# Boctok & Volna Precision.



## Russ Cook (Feb 12, 2006)

Hello,

One of the reasons i became interested in Russian watches was there shear variety[plus affordability and robustness] i have enclosed some pictures of the Russian precision class,still,i think very cheap to buy.

They were made by Volna & Boctok [Vostok] in the 50s and 60s,they were "based" with a few modifications, on the Zenith 135 chronometer.I have always found the ones i have bought to be incredibly accurate.

Regards,

Russ.


----------



## mach 0.0013137 (Jan 10, 2005)

Very nice, I might have to keep a look out for those in future


----------



## Bladerunner (Jun 4, 2006)

Nice looking watches again Russ.


----------



## chris l (Aug 5, 2005)

I'm pleased to hear your experience with these; I've been chasing a good example or two for my Russian '50's collection.

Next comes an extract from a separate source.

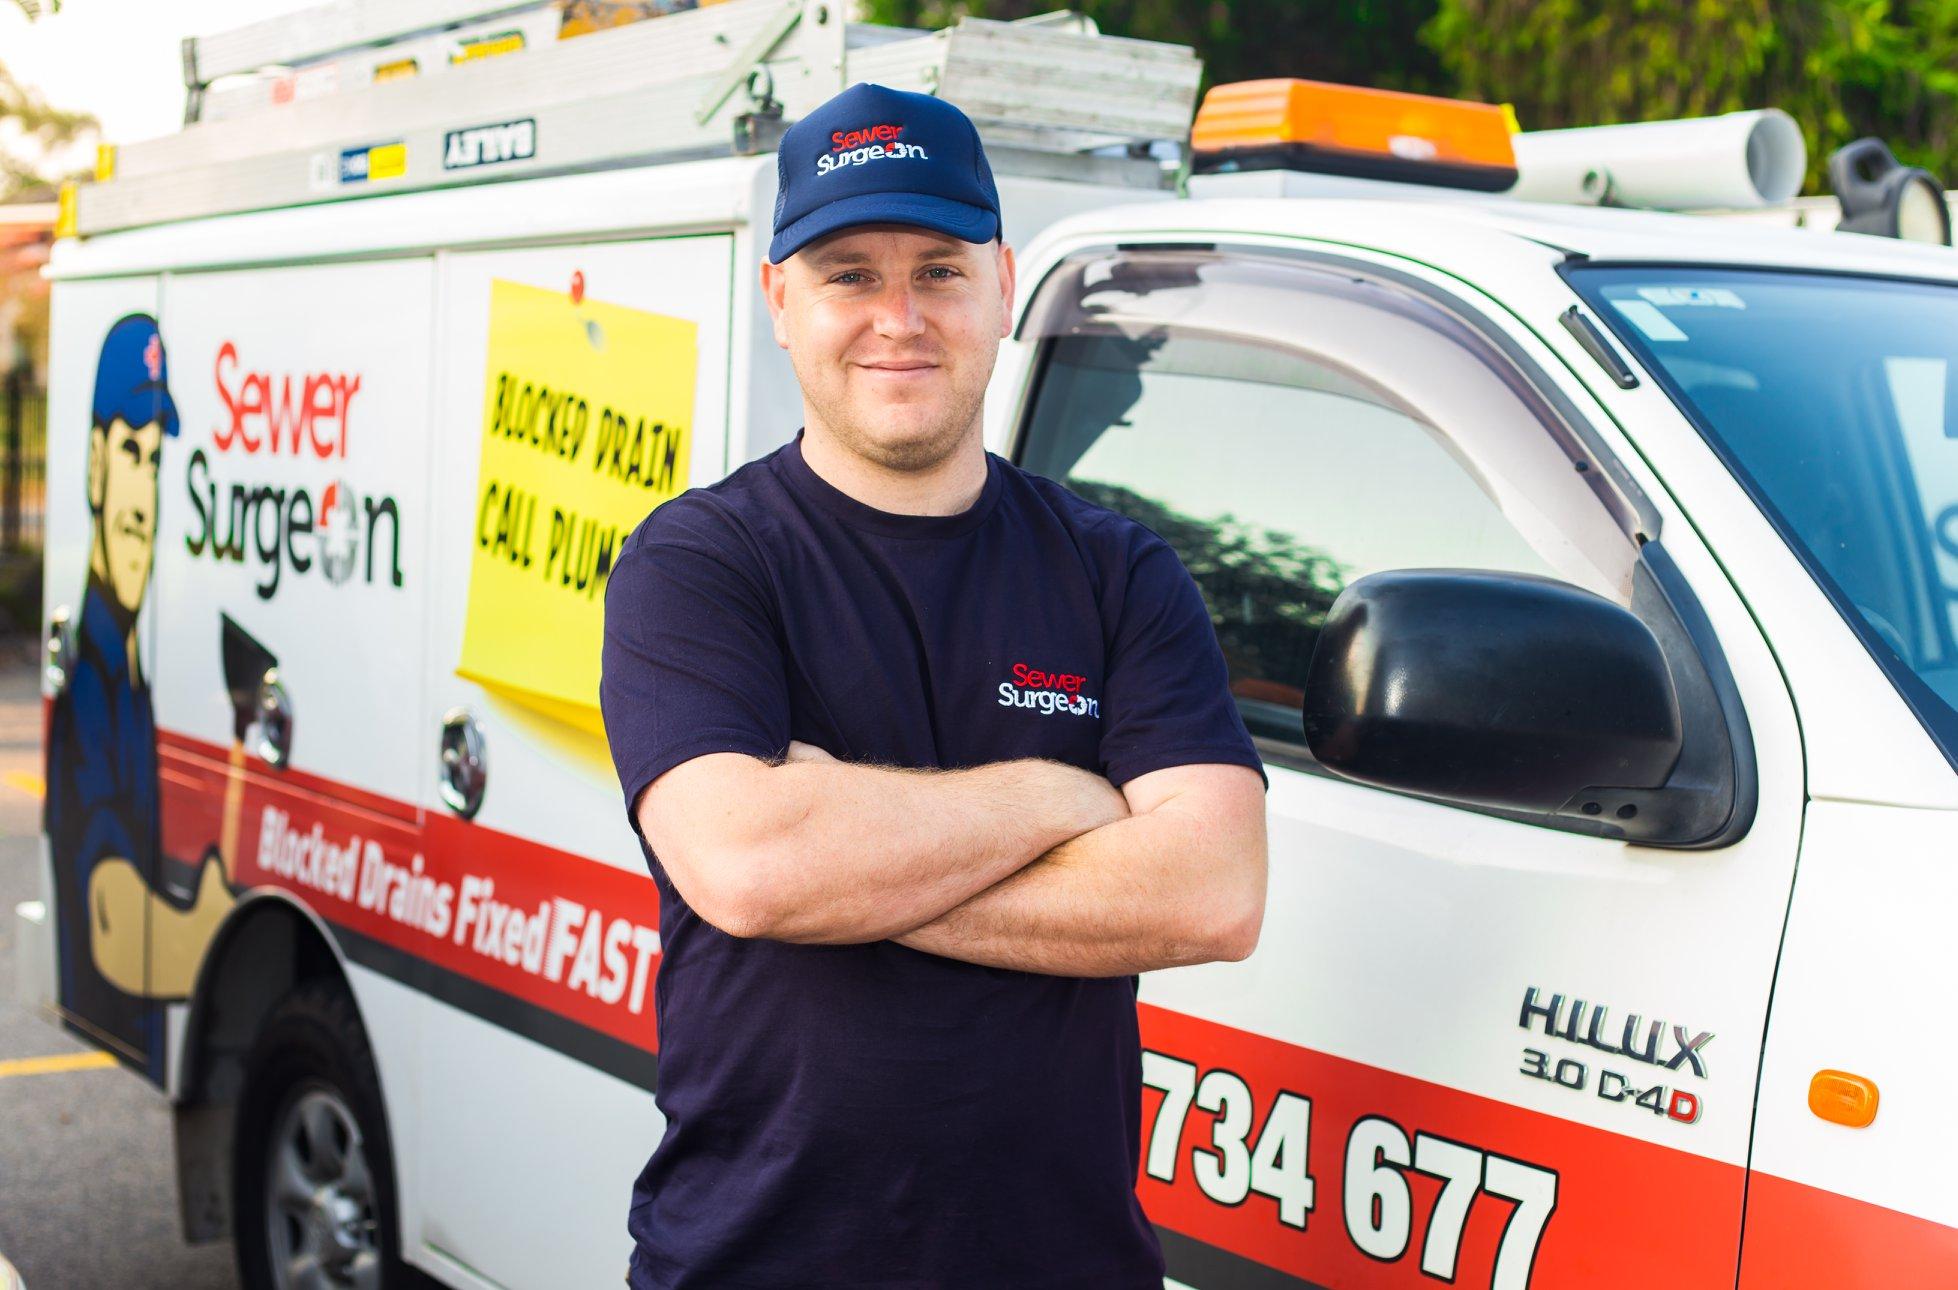 Hire Marrickville's Best Plumber To Inspect Your Drains & Sewer System

I'd heard good things about their accuracy but it's hard to verify these things.

Nice!


----------



## Russ Cook (Feb 12, 2006)

Many Thanks for the kind comments,Mach, Bladerunner.Chris i think you have hit the nail on the head,finding a good example is the problem, the first one i received was a complete pigs ear!Still you live and learn i suppose......although it seems to take me longer than most


----------